***** THE DATA *****
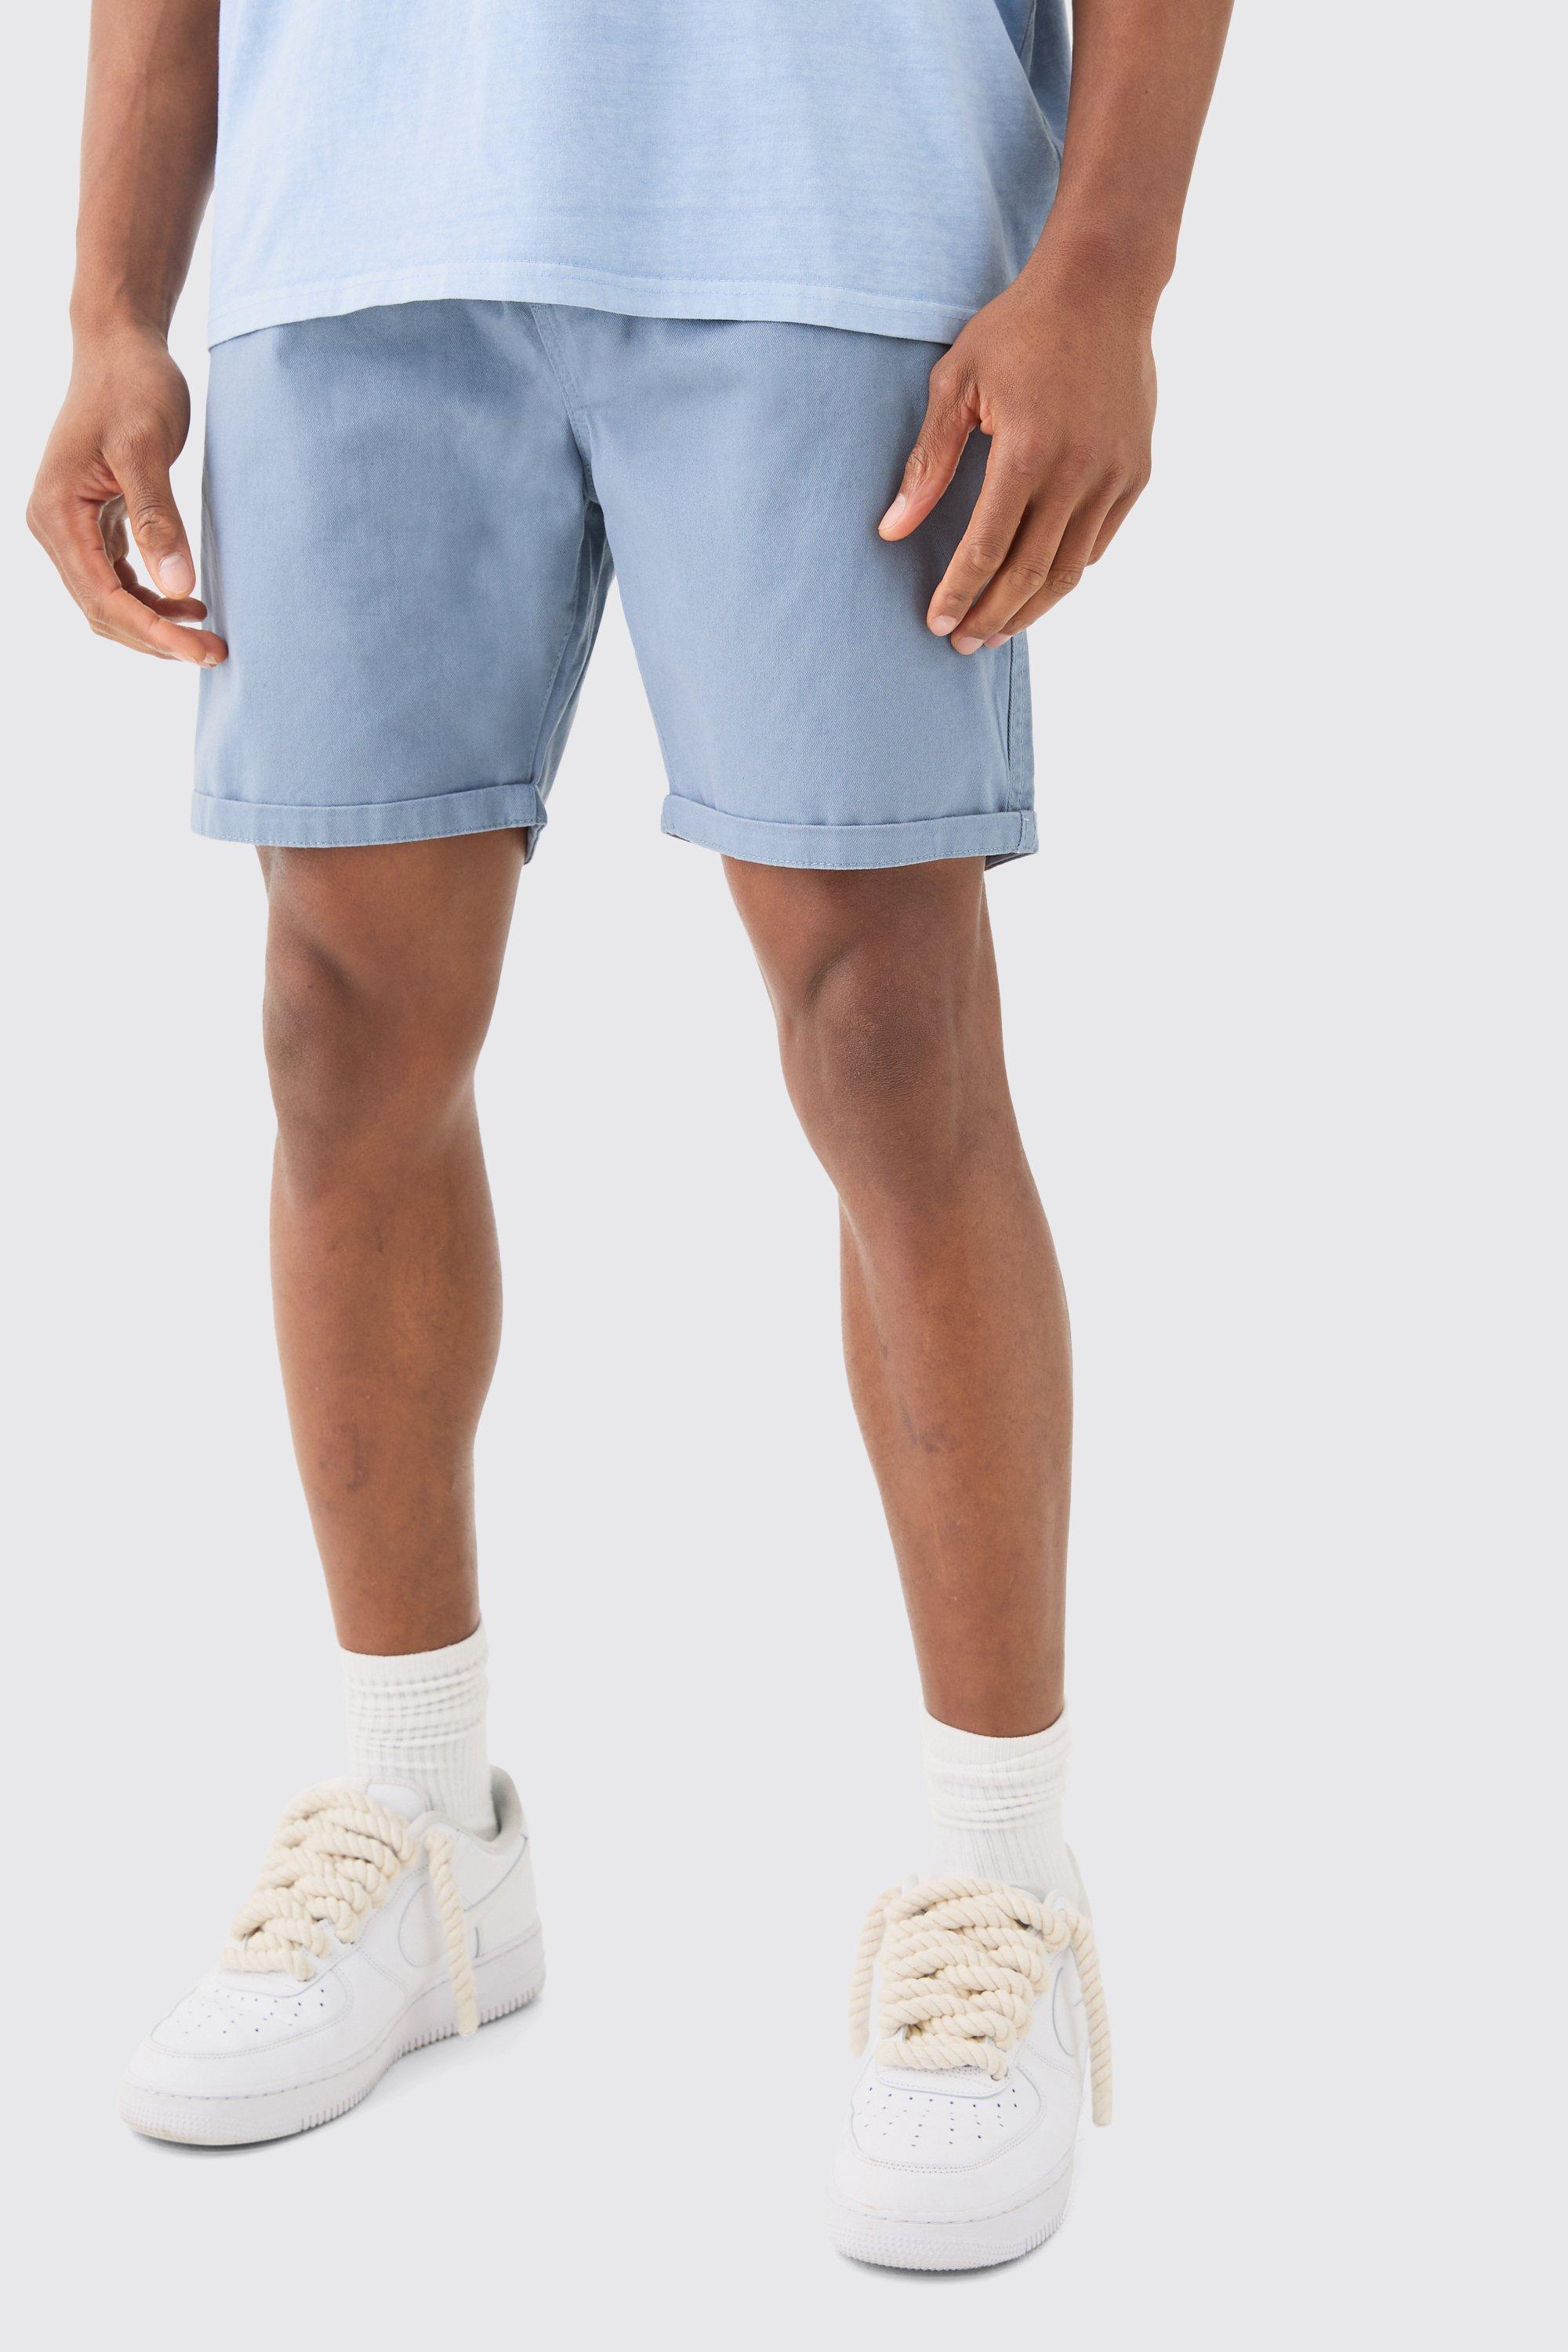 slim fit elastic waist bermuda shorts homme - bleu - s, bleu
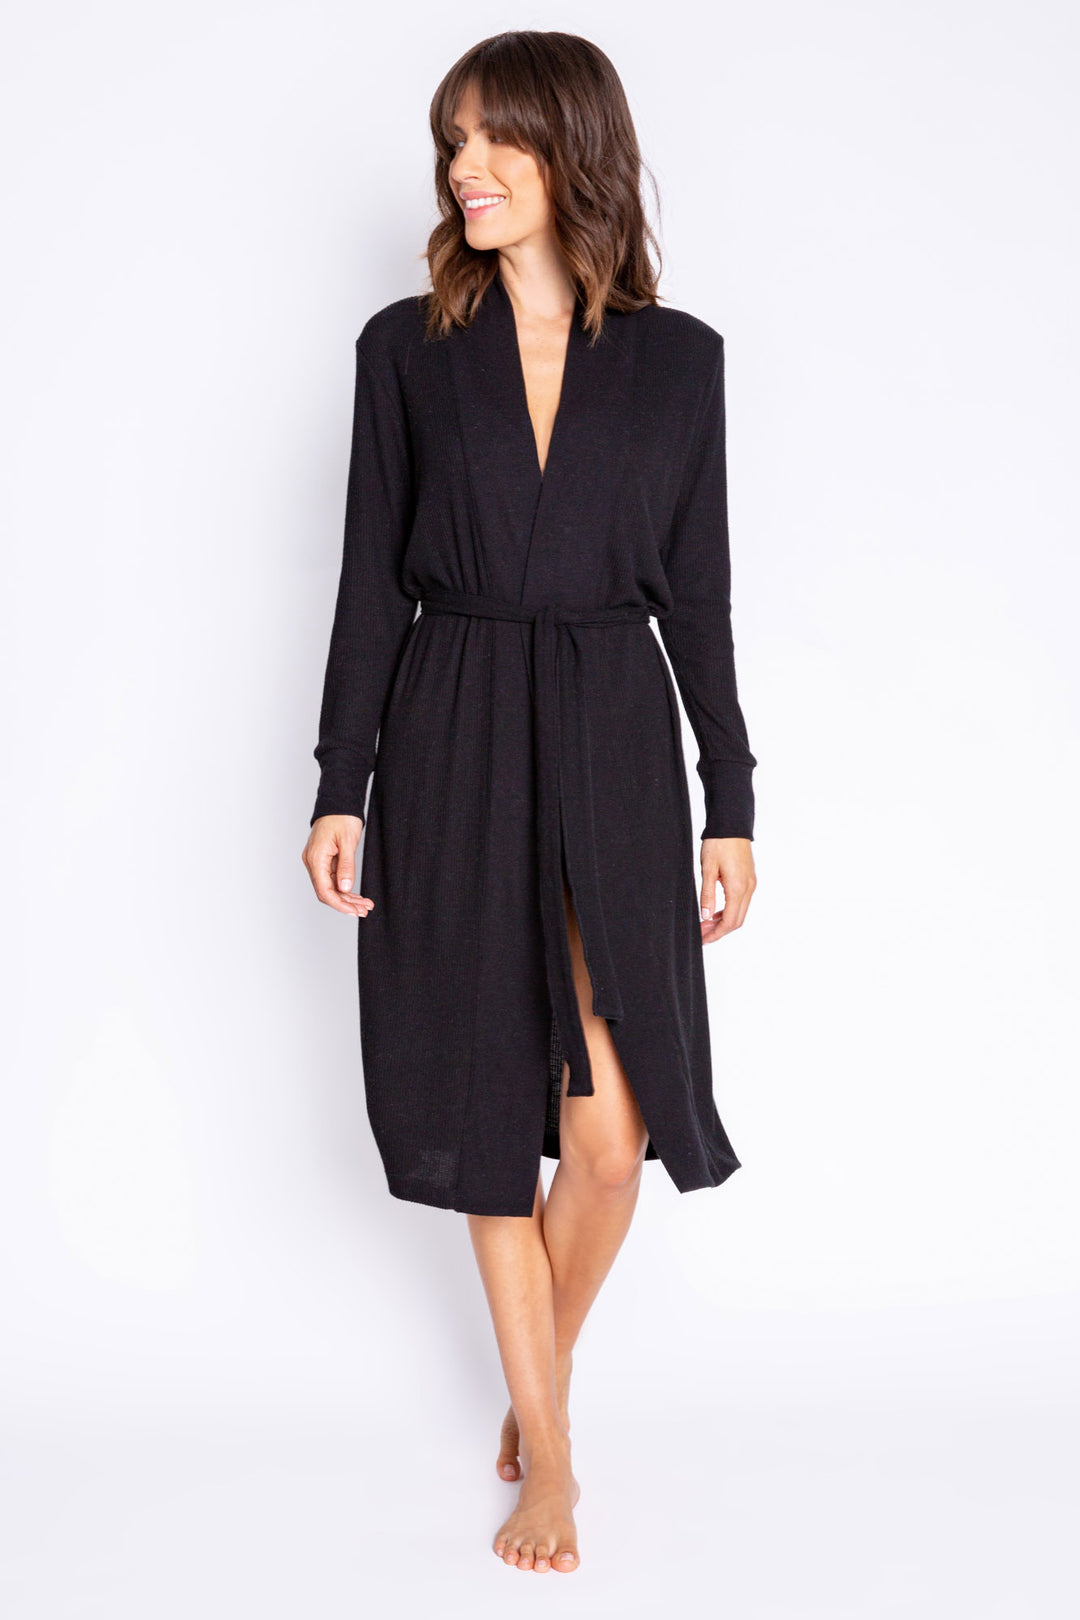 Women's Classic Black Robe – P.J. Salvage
*****
***** THE DATA *****
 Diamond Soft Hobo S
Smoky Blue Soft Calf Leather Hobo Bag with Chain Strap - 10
*****
## PROBLEM
The lines to copy exactly start with the line above that has "slim fit elastic" and go on through the line that has "Women's Classic Black Robe – P.J. Salvage"; please include both, add nothing else, and omit the pictures.

## ANSWER BELOW
 slim fit elastic waist bermuda shorts homme - bleu - s, bleu
 Women's Classic Black Robe – P.J. Salvage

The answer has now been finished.